Over and over, on every scale, from its dealings with everyone from homeowners to local government to state government, the industry has demonstrated a gross sense of entitlement. “What’s yours is mine, and what’s mine is mine.” (Links later. ) But perhaps nothing exemplifies this so simply and directly as the statement of Matt Carmichael, Anadarko representative, (see photo above) who recommended his fellow industry executives, “Download the U.S. Army-slash-Marine Corps Counterinsurgency Manual, because we are dealing with an insurgency. There’s a lot of good lessons in there and coming from a military background, I found the insight in that extremely remarkable.”
His fellow executive, Matt Pitzarella, also pictured above, of Range Resources, seconded Carmichael’s advice: “One employee who works with municipal governments in Pennsylvania has a background in psychological operations in the Army. Since the majority of his work is spent in local hearings and developing local regulations for drilling, we’ve found that his service in the Middle East is a real asset.” (Story with audio clips here)

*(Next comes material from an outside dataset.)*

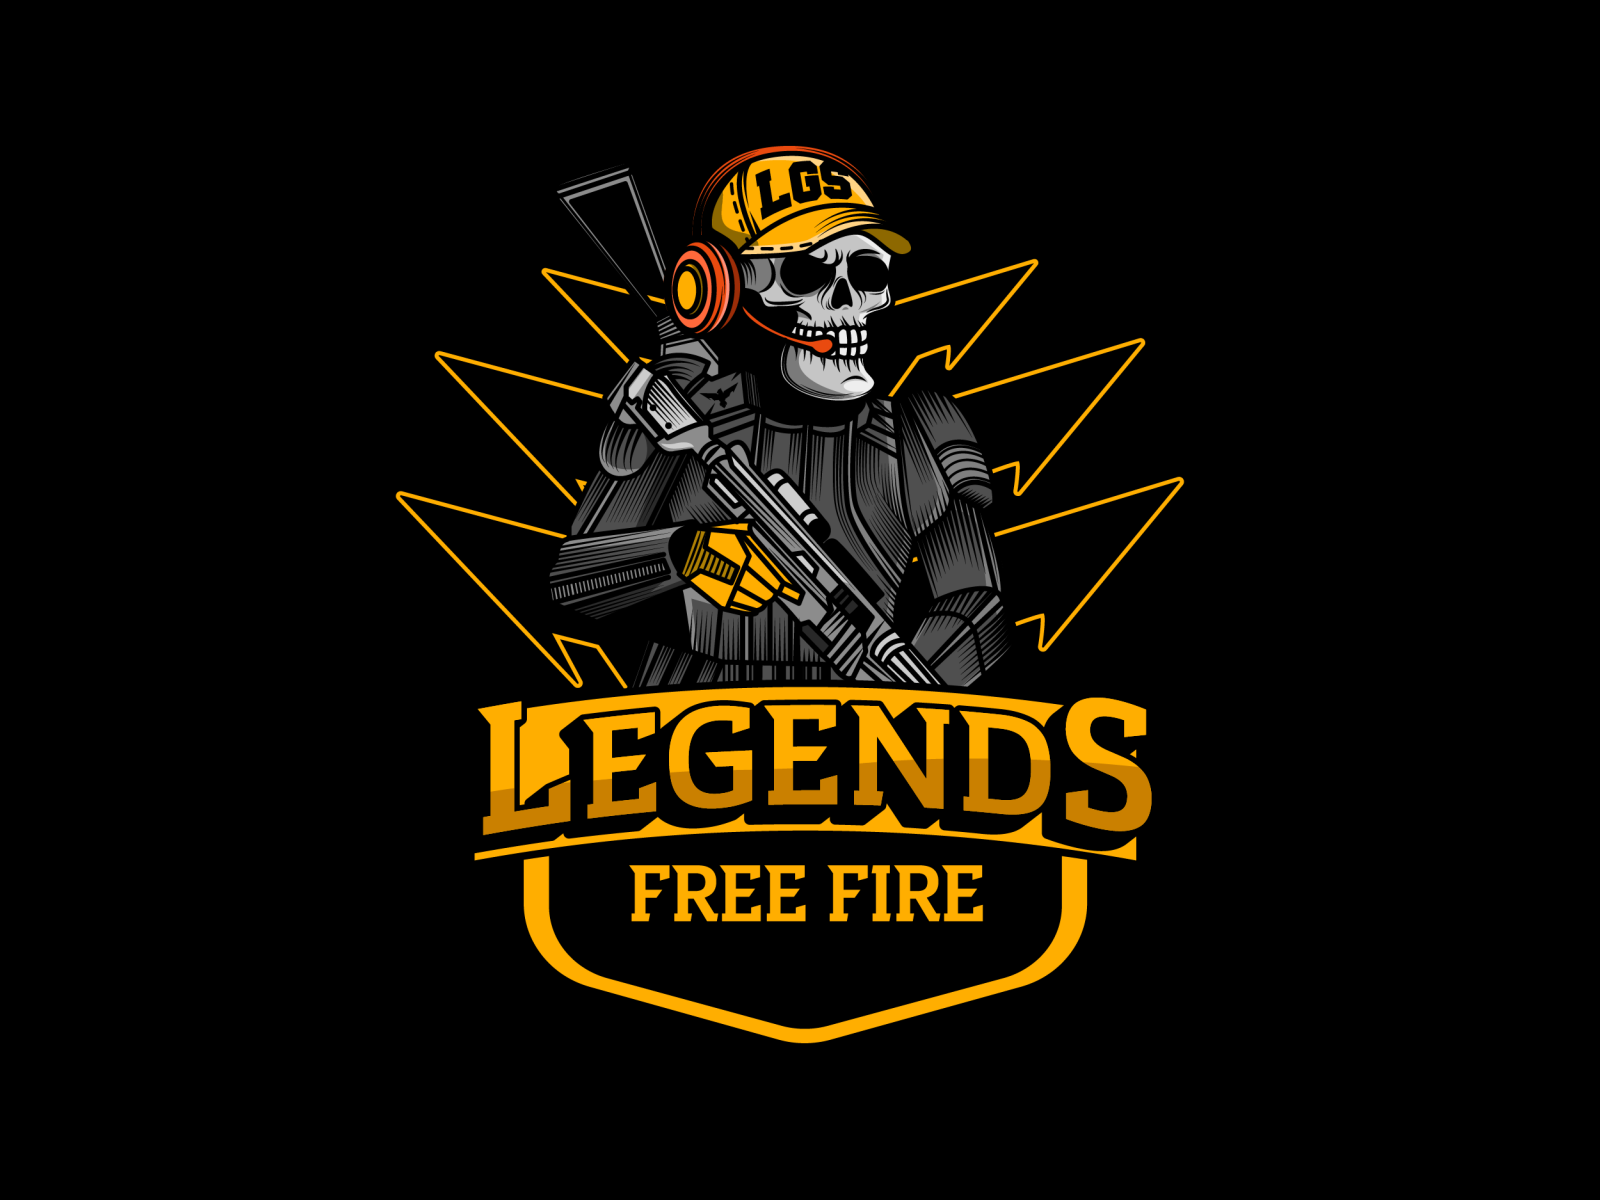 Legends Free Fire by Mr Chemel on Dribbble

Of course, these statements reveal much that warrants commentary, but somewhere near the top is what Carmichael’s phrase, “We are dealing with an insurgency,” demonstrates about the gas industry’s self-perception.

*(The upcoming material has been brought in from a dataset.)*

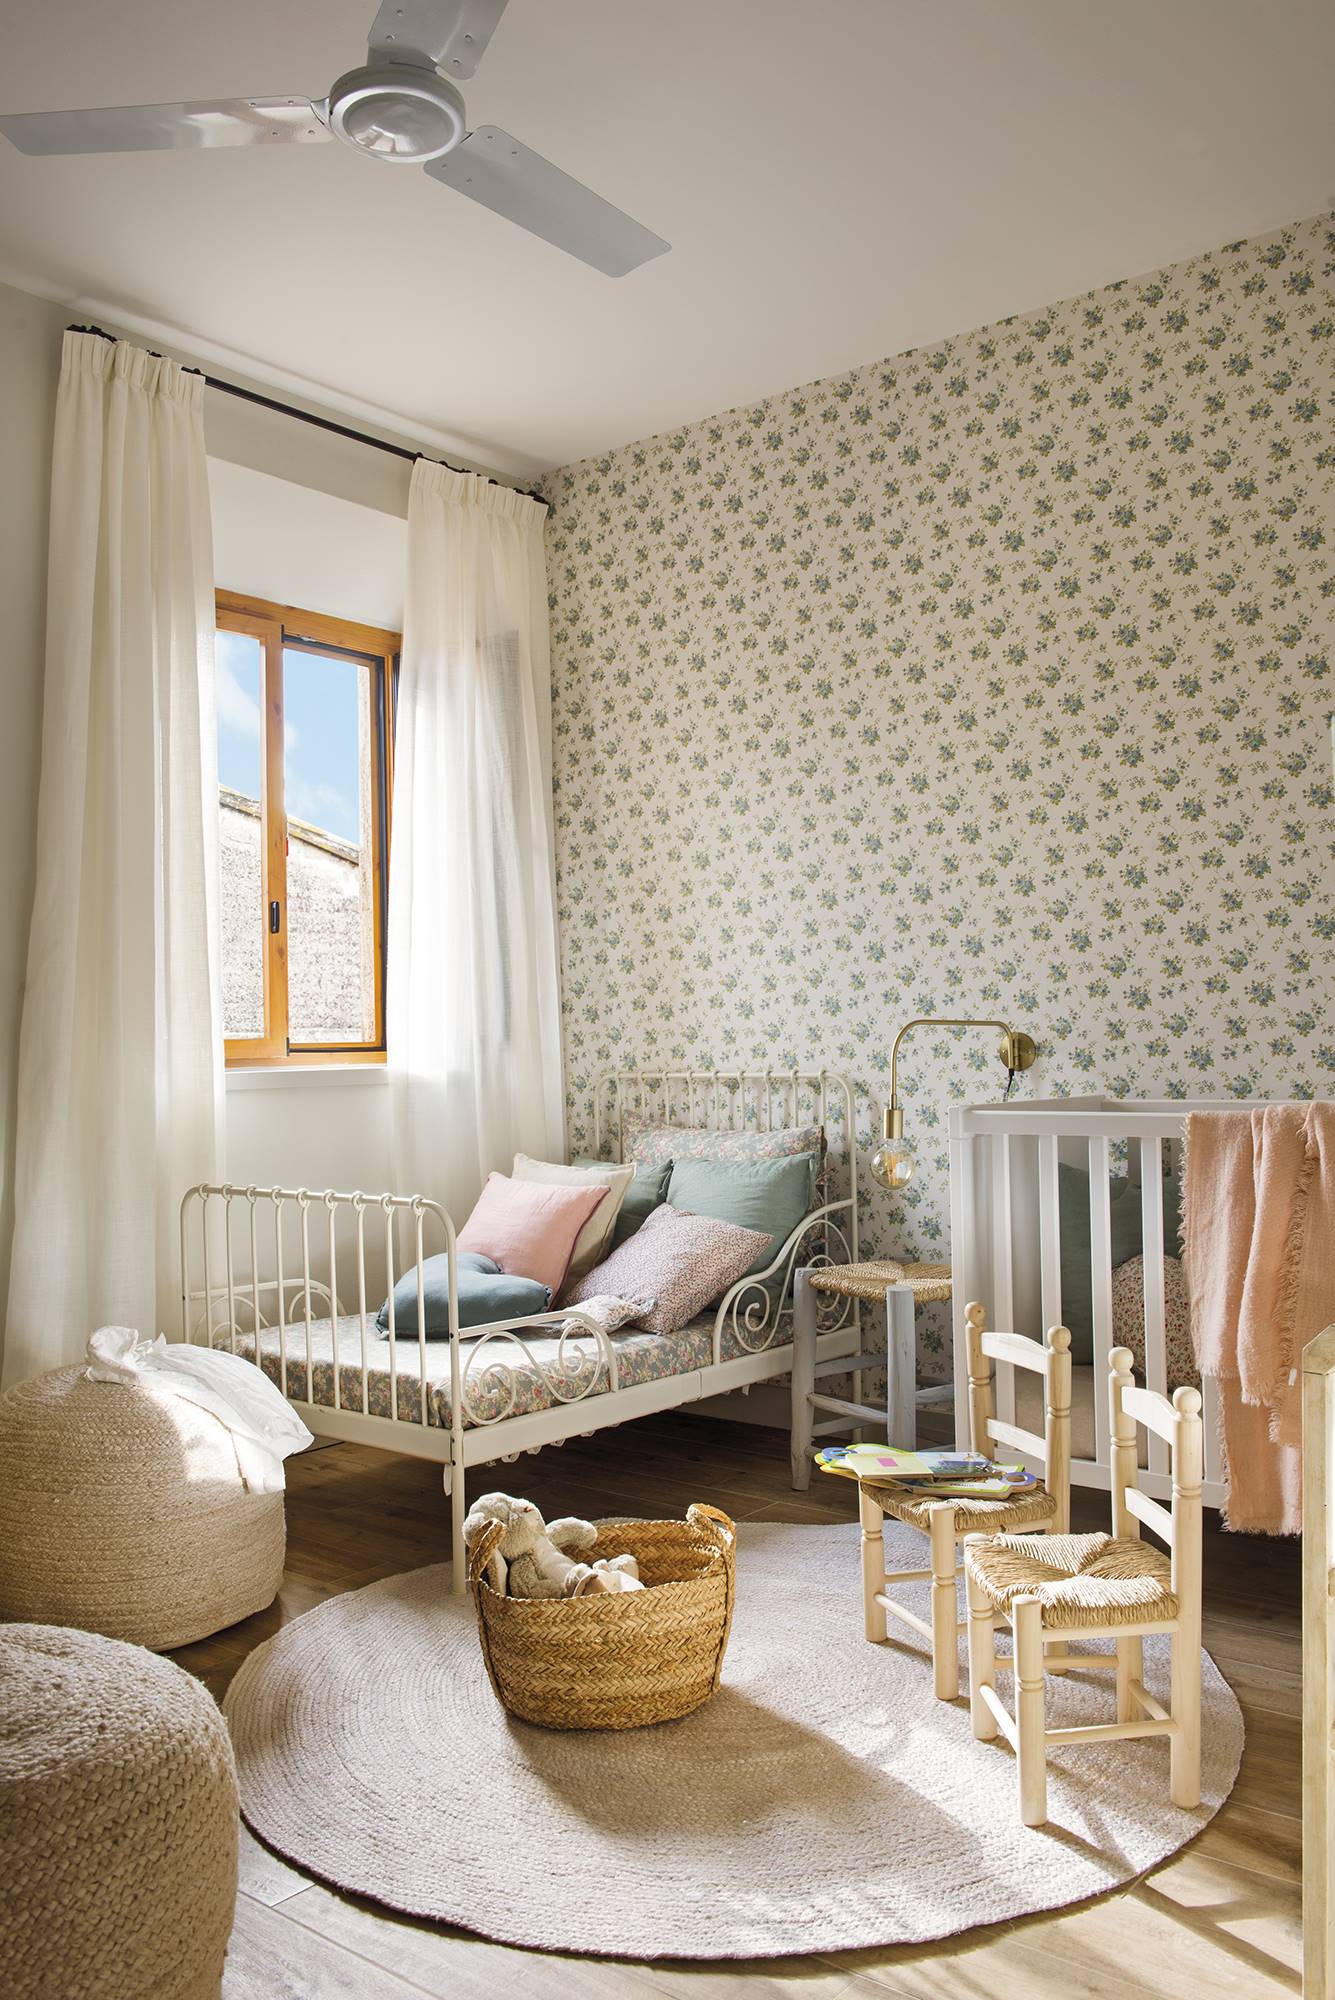 Habitación infantil con cama de forja blanca y cuna, muebles de fibras naturales y papel pintado floral DSC 8496

Here’s Wikipedia’s definition of an insurgency: “An armed rebellion against a constituted authority (for example, an authority recognized as such by the United Nations).”
So if in the gas industry’s thinking, community resistance to the many hazards of gas extraction constitutes an insurgency, or illegitimate armed rebellion, then the gas industry considers itself a “constituted authority.”
Citizens everywhere have news for you, boys: yes, the very special treatment you’ve been getting for the last 100 years has made you a very spoiled, very large, and indeed very dangerous child. But you are not a “constituted authority” despite your wet dreams. And we are not a rebellion.
You are the outlaws. We are the citizens with whom the constituted authority ultimately rests.
One thing you got right: we are armed, with a weapon that history suggests you have little use for – the truth.